The training process for `text_sequence_analyzer` is defined in the `train_sequence_analyzer` function. Training does not start in case of an already saved model, i.e., if a `text_sequence_analyzer.keras` file exists. If training does start, overfitting is prevented by usage of a `tensorflow.keras.callbacks.EarlyStopping` callback, `EARLY_STOP_PATIENCE` and `val_loss` as the monitored metric. The maximum number of training epochs is configured in `EPOCHS`.

In [None]:
def train_sequence_analyzer(
  text_sequence_analyzer: TextSequenceAnalyzer,
  train_ds: Dataset,
  valid_ds: Dataset,
  callbacks: list[Callback],
) -> None:
  history = text_sequence_analyzer.fit(
    train_ds,
    validation_data=valid_ds,
    epochs=EPOCHS,
    callbacks=callbacks,
  )
  plt.plot(history.history["val_loss"], "r--",
           label="val_loss")
  plt.xlabel("Epoch")
  plt.xlim([0, EPOCHS])
  plt.legend()
  plt.show()


early_stop_cb = EarlyStopping(
  monitor="val_loss",
  patience=EARLY_STOP_PATIENCE,
  restore_best_weights=True,
)

if not Path.exists(RNN_MODEL_PATH):
  train_sequence_analyzer(
    text_sequence_analyzer, train_ds, valid_ds,
    callbacks=[early_stop_cb],
  )
  text_sequence_analyzer.save(RNN_MODEL_PATH)

### Anomaly detection

In this section the `test_for_anomalies` function demonstrates anomaly detection.

It must be noted that there can be *false positives* in text generated by `generate_log`, this is when `text_sequence_analyzer` is under-trained on otherwise valid sequences.

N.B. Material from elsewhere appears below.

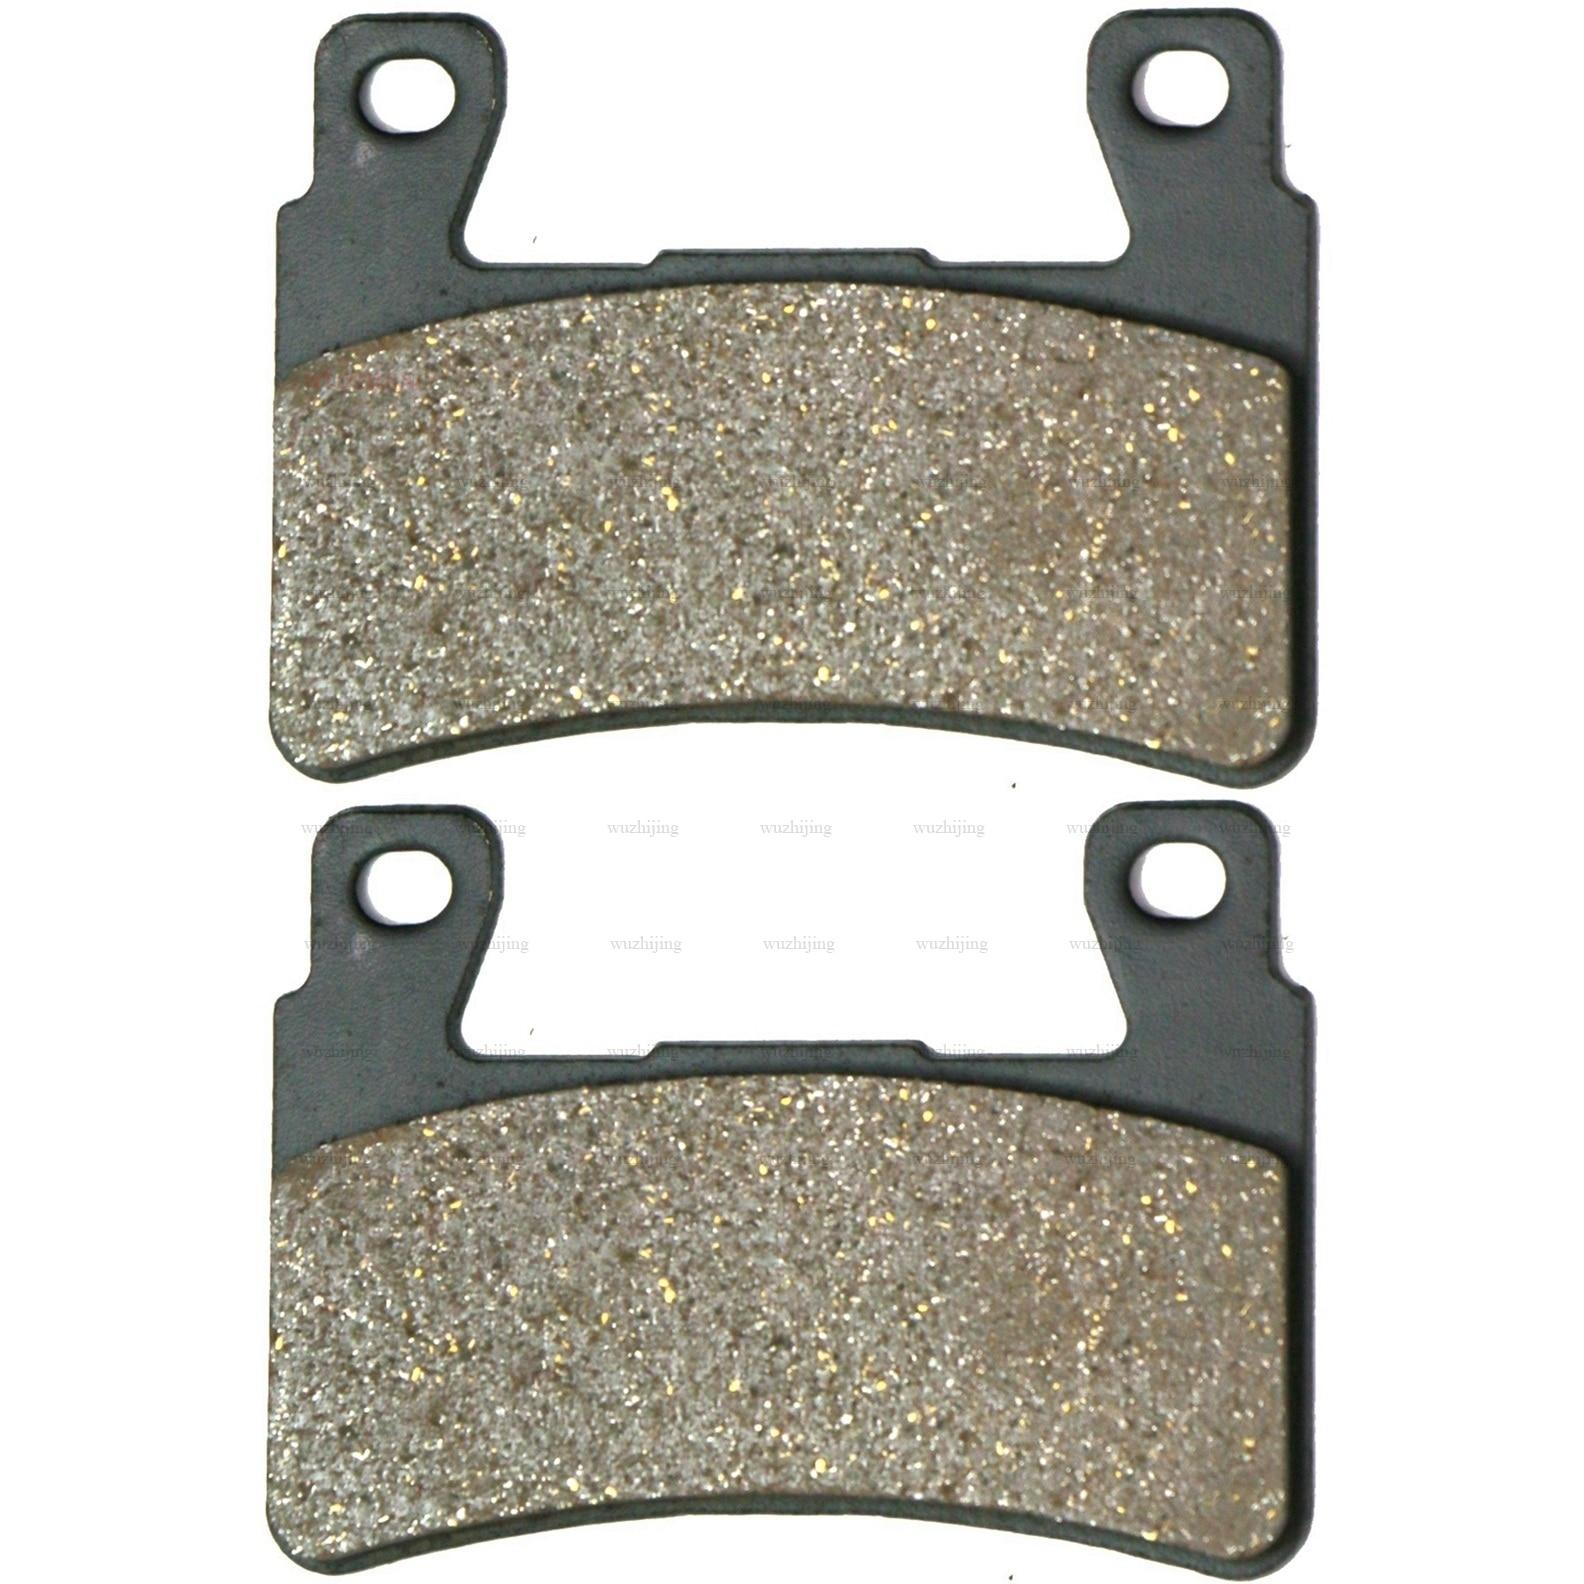 Brake Pad Set for GD 250 N R (13-16) 450 EXIV (16) GT 650 Comet RC P (14) iR (15-16) GV 300 (16)

Such *false positives* can also be detected by setting "high" `NEXT_TOKEN_PROB_THRESHOLD` in combination with "low" `EPOCHS`, again causing `text_sequence_analyzer` to have a high bias on `train_ds` and mispredict the next token. Setting too small values for `LOG_SIZE`, `SUBSEQUENCE_LENGTH` or `EARLY_STOP_PATIENCE` can also lead to under-trained model and *false positives*. On the other hand, an overfitting model can also have problems with *false positives* because it can assign high probabilities due to focusing too much on certain log messages.

Interestingly, in the above-mentioned cases anomaly detection can be used as an indicator for an under-trained model.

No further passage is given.